Architecture¶
Architecture¶
This document describes the system design of AlphaFold Sovereign MCP.
For the rationale behind key decisions, see docs/adr/. For the
threat model, see docs/THREAT_MODEL.md.
Design Principles¶
- Sovereign first. Every feature must be installable and operable without network access. Online APIs enhance; they never gate.
- Auditable by default. Every tool invocation produces a signed, content-addressed audit record. Nothing is optional except the exporter.
- Single licence. The codebase is Apache 2.0 — one licence, no dual-licence funnel, no feature gated behind a paid edition.

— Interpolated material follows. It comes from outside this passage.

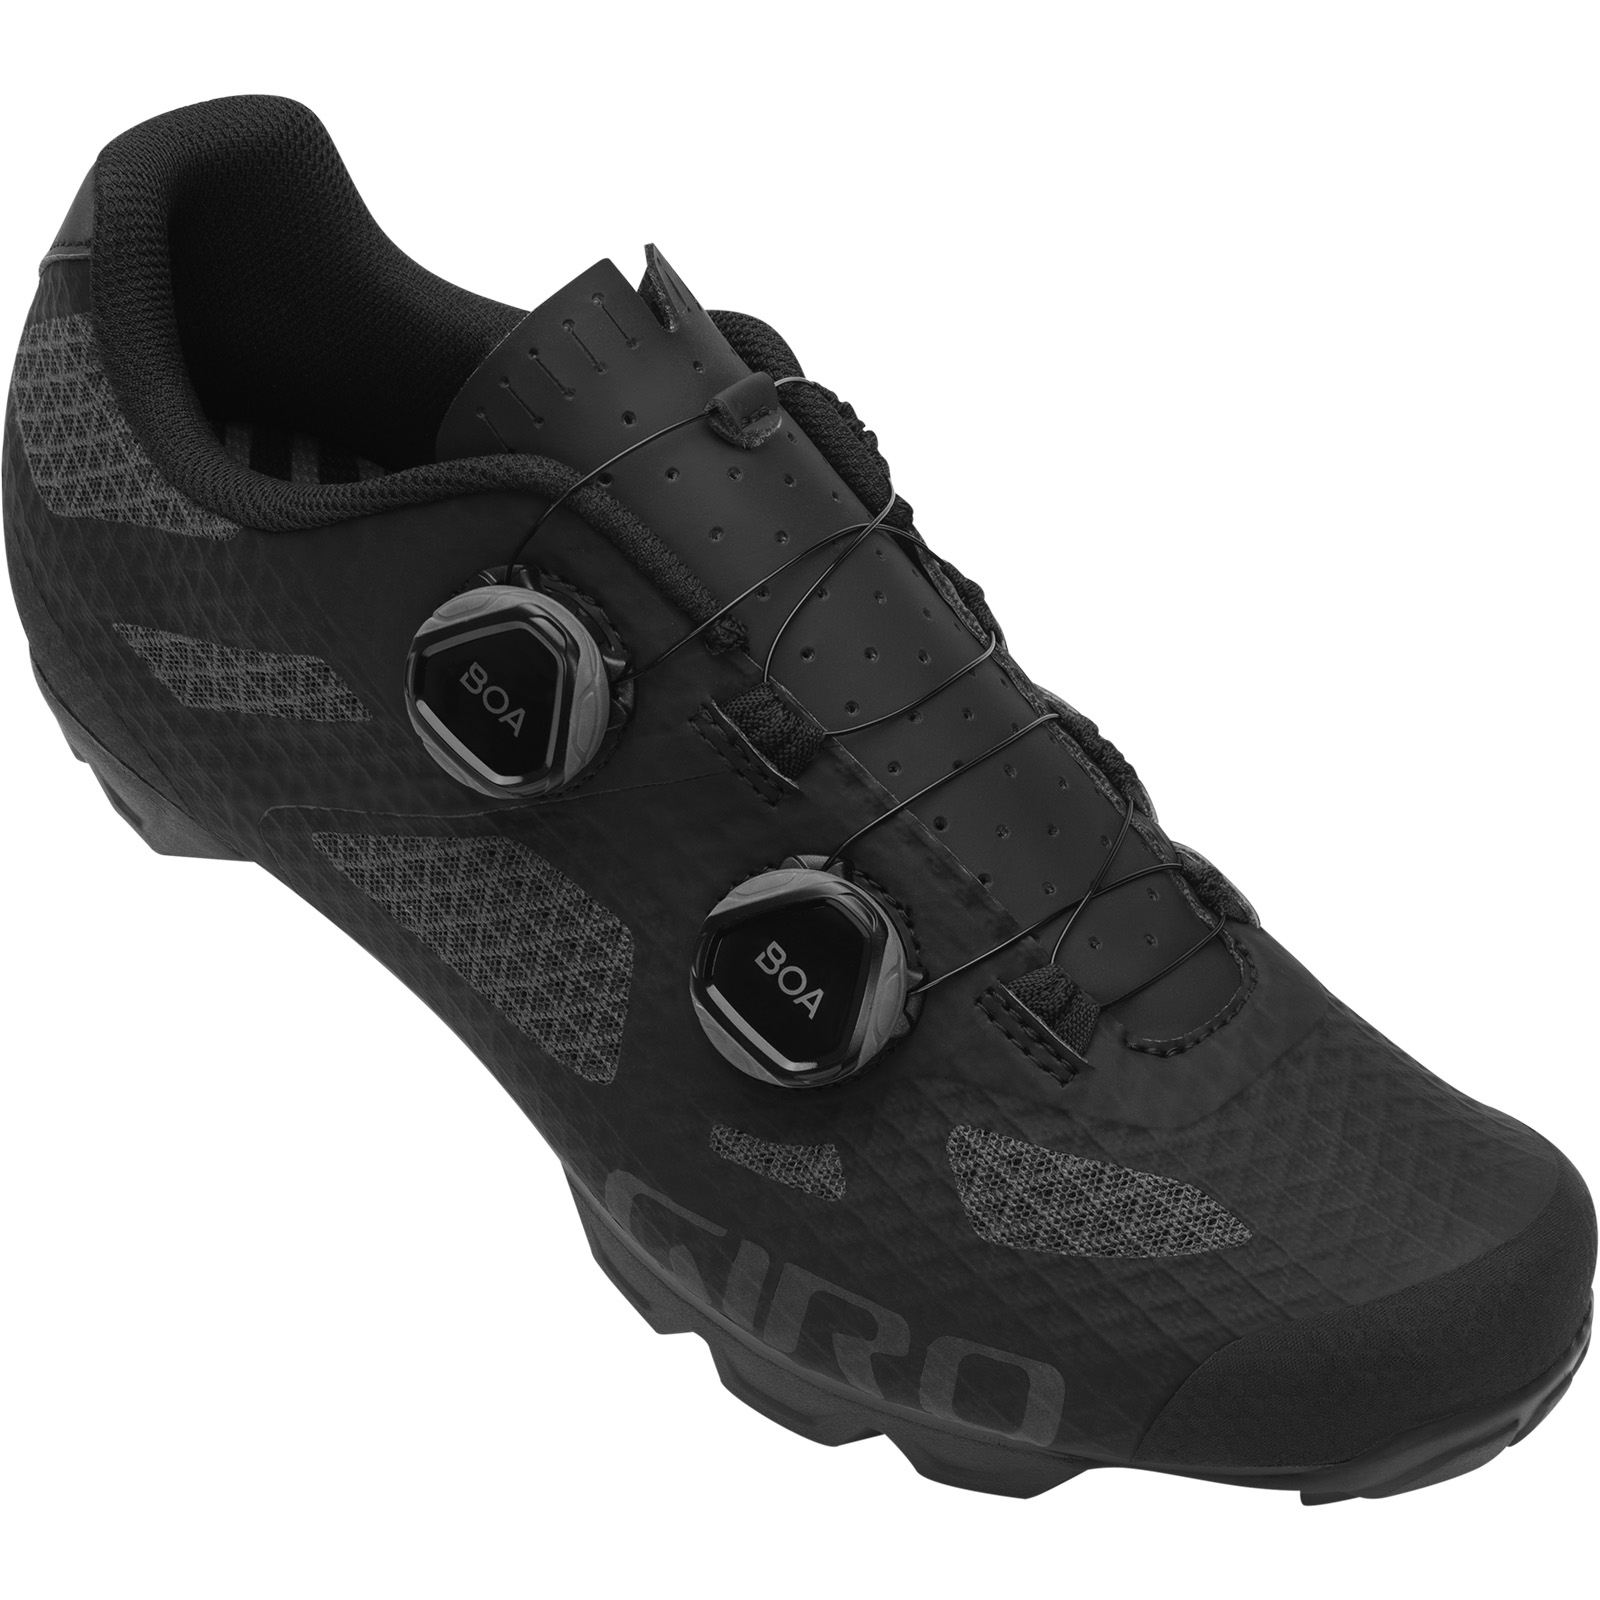 Picture of Giro Sector MTB Shoes - black/dark shadow

- Protocol-native. We implement the full MCP 2025-06-18 surface: tools, resources, prompts, sampling, roots, progress, cancellation, and resource subscriptions. We do not paper over the spec.
- Disease-integrated. Structural biology without disease context is incomplete. Every protein query optionally traverses MONDO, HPO, Open Targets, ClinVar, gnomAD, and DisGeNET to answer "why does this structure matter clinically?"
Module Map¶
src/alphafold_sovereign/
│
├── server/ MCP transport layer
│ ├── __init__.py
│ ├── stdio.py stdio (Claude Desktop / CLI)
│ ├── http.py Streamable HTTP (MCP spec 2025-06-18)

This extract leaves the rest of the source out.